The first step in creating a Health Literacy Improvement Plan is deciding which health literacy-related improvements to work on first. The Primary Care Health Literacy Assessment can help you examine your practice's strengths and weaknesses in five key areas:
- Practice Change
- Spoken Communication
- Written Communication
- Self-Management and Empowerment
- Supportive Systems
After identifying priorities for improvement, your Health Literacy Team can develop a plan to implement selected tools.
Actions
Prepare the practice.
- Engage practice leadership and prepare your staff for organizational change. can provide some ideas for how to do this.
- Educate staff about health literacy. You can use resources provided in Tool 3: Raise Awareness.
Review the Primary Care Health Literacy Assessment in a Health Literacy Team meeting.
- Collect assessment data. Ask each member of the Health Literacy Team to complete the Primary Care Health Literacy Assessment. (It takes less than 30 minutes.) Make sure everyone has the same understanding of each question. Note that a few questions will require staff to walk through the practice and see it from a patient's point of view. You can also broaden the exercise by asking everyone in your practice to complete the assessment. Be sure to give them a deadline.
- Discuss responses. Have team members bring their completed assessments to a team meeting. If you had everyone complete the assessment, tally results before the meeting.
- Congratulate yourselves on high performance areas, where there is consensus that the practice is doing well.
- Discuss opportunities for improvement. You may want to begin by identifying questions commonly answered, "Needs Improvement" or "Not Doing," or those for which there is wide variation in responses.
Practice Experiences
Many practices have found the health literacy assessment to be beneficial. Here are some typical comments:
- "The assessment increased our attention to areas not previously identified as concerns, like the signs in our practice. We just don鈥檛 think of those things every day."
- "Before doing the assessment, we had an idea about what tool we wanted to try. But after discussing our assessment questions, we completely changed our selection."
- "We liked the assessment process, and when we looked at our answers, our priorities just lit up."
Develop a Health Literacy Improvement Plan.
- Set your health literacy improvement goals. In addition to the results of your assessment, think about your practice's specific aims, practice improvement efforts already underway, and whether you want an "easy win" to jump-start the quality improvement process.
- Use the Primary Care Health Literacy Assessment to identify which tools to use for each area targeted for improvement. The Health Literacy Team should read the chosen tools carefully.
- Develop a clear, written improvement plan.
- For each tool you implement, designate champions who can model changes for their peers.
- Set SMART (Specific, Measurable, Attainable, Relevant, and Time-bound) objectives.
- Establish measures to assess whether your objectives are being met. Consider using measures you already track (e.g., patient experiences of care, staff satisfaction), other measures specific to health literacy, and the Health Literacy Patient Feedback Questions. Specify when and how you will collect data for these measures, remembering that you may want to collect information before and after you begin tool implementation. Note that each tool in this Toolkit provides suggestions for tracking your progress.
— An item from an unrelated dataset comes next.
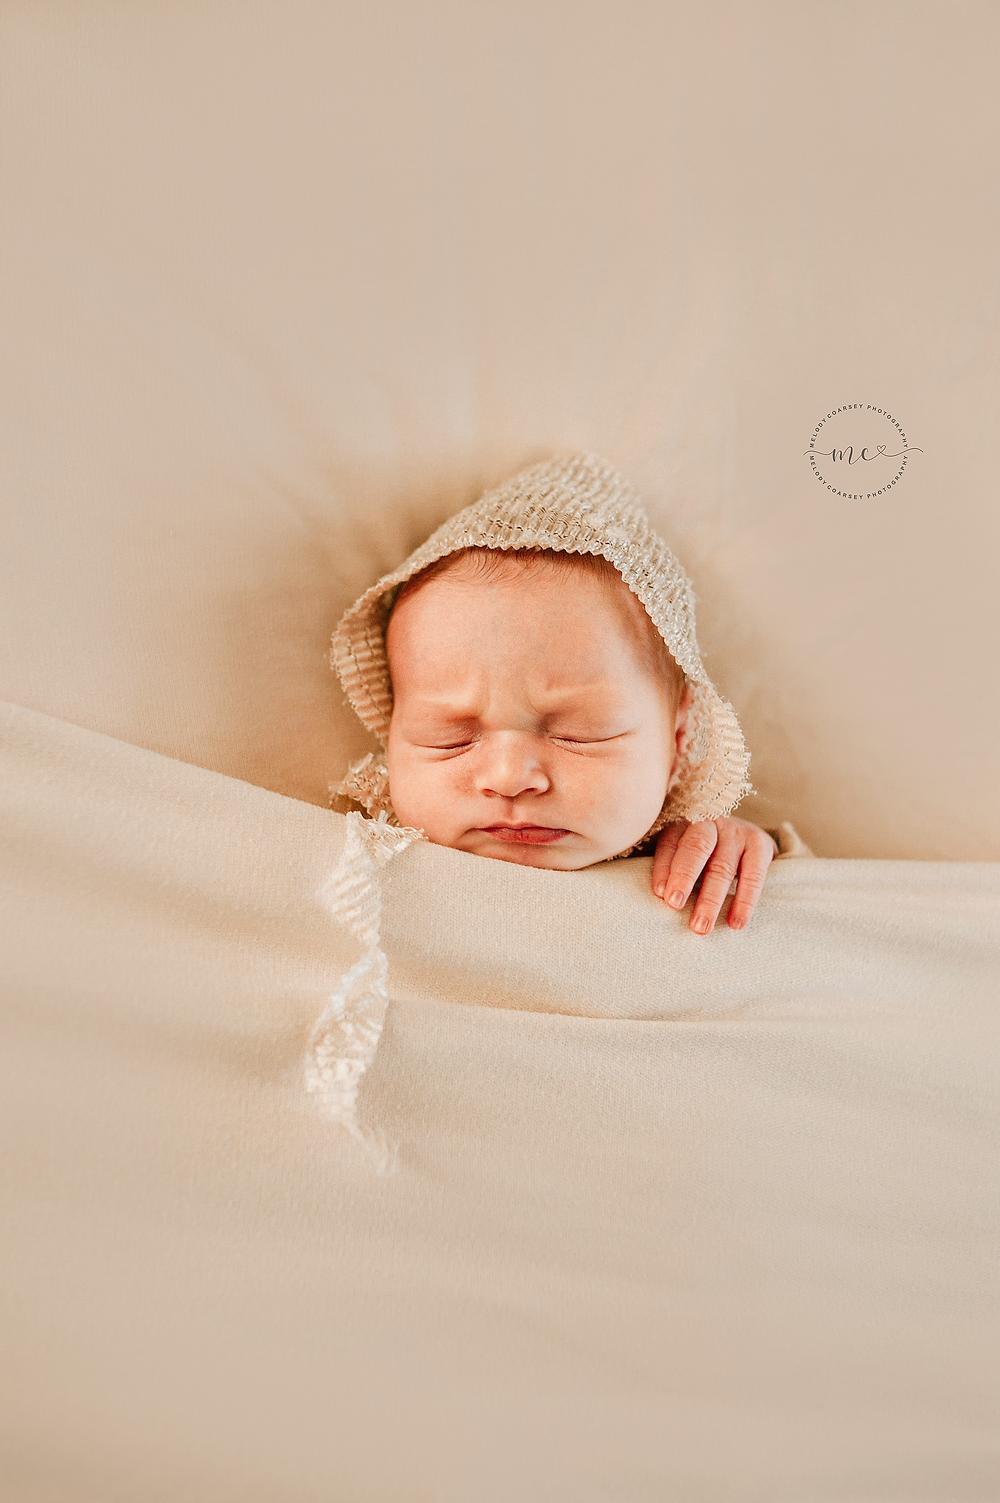 newborn portrait photographer near me
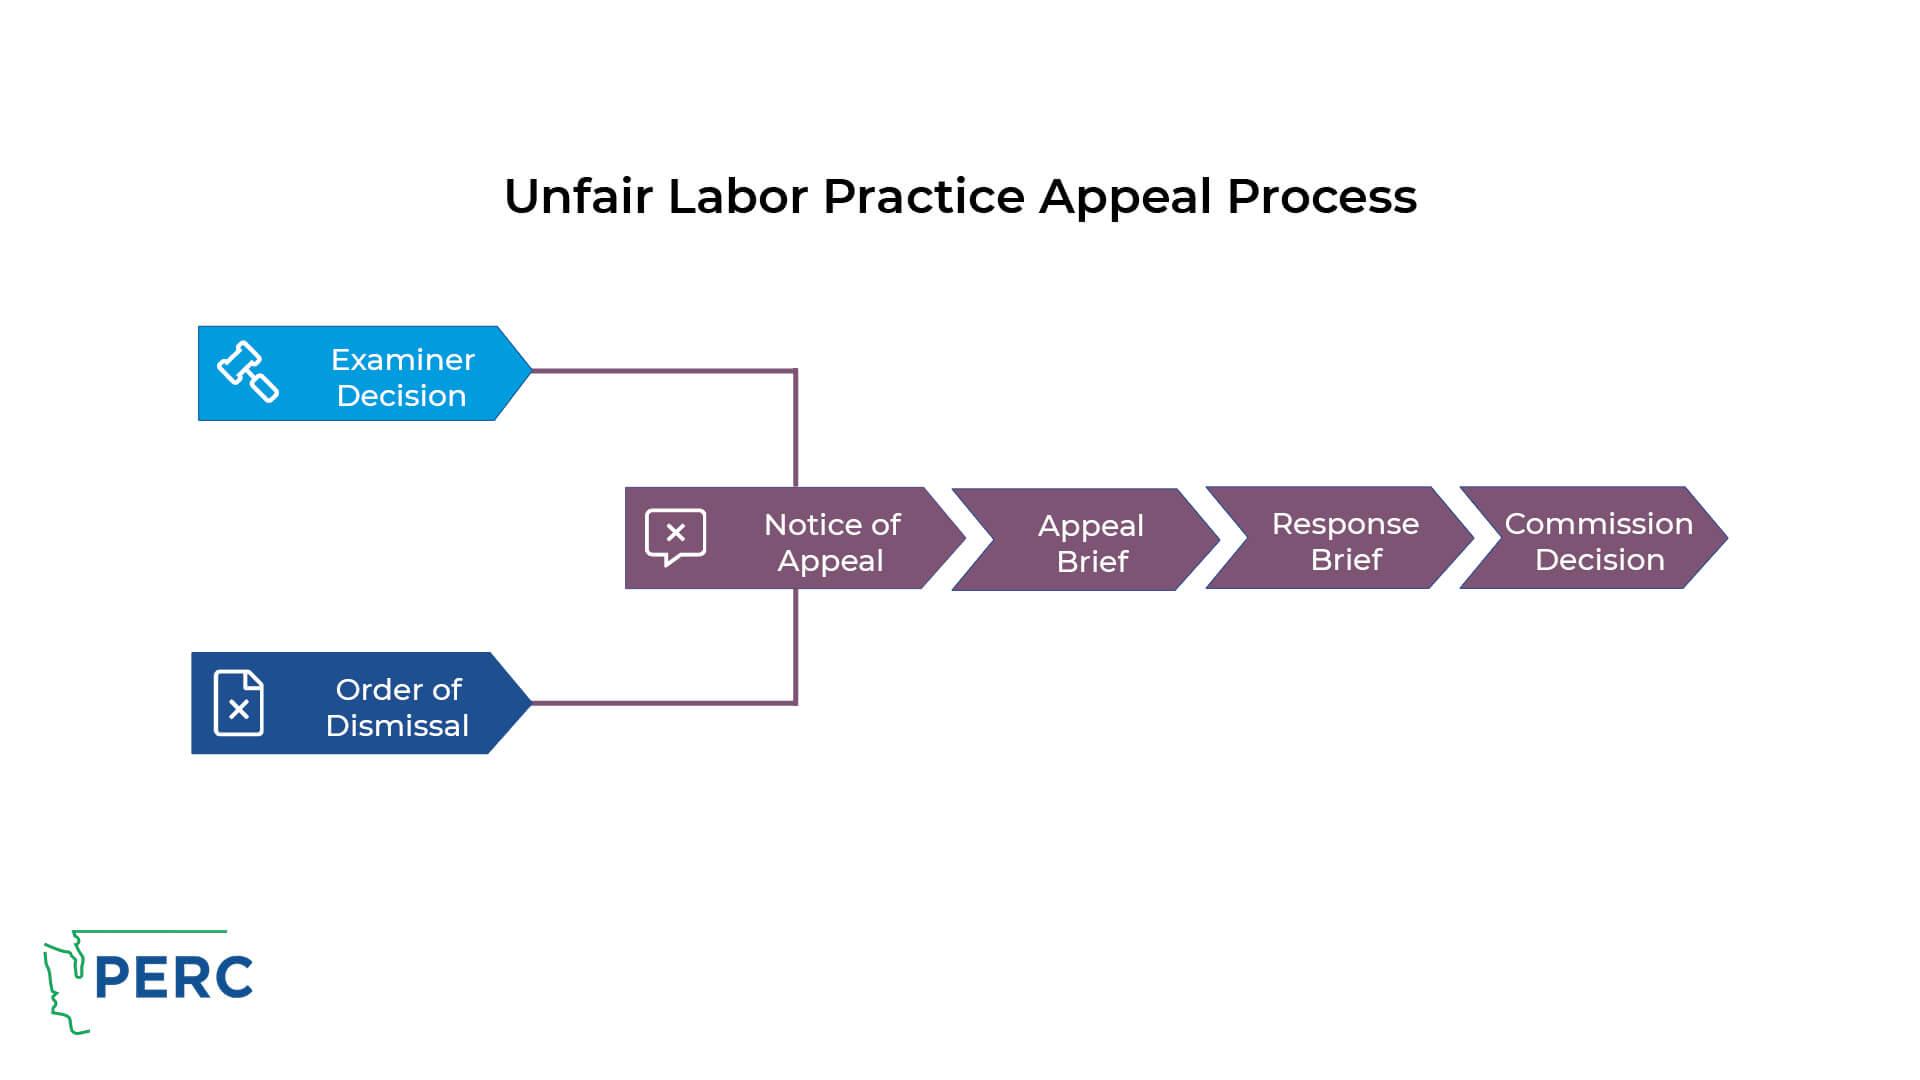 ULP Appeal Process

- Identify who will be responsible for implementing changes.
- Include a plan for spreading successful changes throughout the practice. Improvements will not be adopted throughout your practice without a concerted effort to get everyone on board.
Prepare for implementation.
- Brief the entire practice on the results of the practice assessment and the Health Literacy Improvement Plan. This is an opportunity to get additional input and buy-in from others in the practice.
- Get implementation tips from Implementing the 大象视频Health Literacy Universal Precautions Toolkit: Practical Ideas for Primary Care Practices.
- Use the Plan-Do-Study-Act (PDSA) method to test and refine the changes you make. Work out the kinks on a small scale before implementing changes practice-wide. In this Toolkit's appendix is an explanation and directions for conducting PDSA cycles, along with a PDSA worksheet that can help you plan your changes. Try changes that can reasonably be expected to achieve your goals. Keep trying new changes until you achieve the results you want. For more information about quality and process improvement strategies, go to .
Sustain your efforts.
- Inform the whole practice about health literacy improvement goals, activities, challenges, and accomplishments. This is critical to maintaining awareness of health literacy-related issues and enthusiasm for your quality improvement efforts. Consider posting updates in the lunchroom and making announcements at staff meetings.
- Regularly brief practice leadership. They may be able to help with challenges you are facing.
- Celebrate successes, even small ones. Start with celebrating what your practice did well before you started improving and continue with each achievement.
Track Your Progress
For each of the tools you implement, use the tool's suggestions for tracking progress. Even after goals are met, track some metrics for an extended period to monitor continued performance.
Use the Primary Care Health Literacy Assessment to re-assess your practice at regular intervals (e.g., twice a year). Doing so will help you confirm areas of improvement, find areas that need more work or a different approach, and identify new goals and objectives to update your Health Literacy Improvement Plan.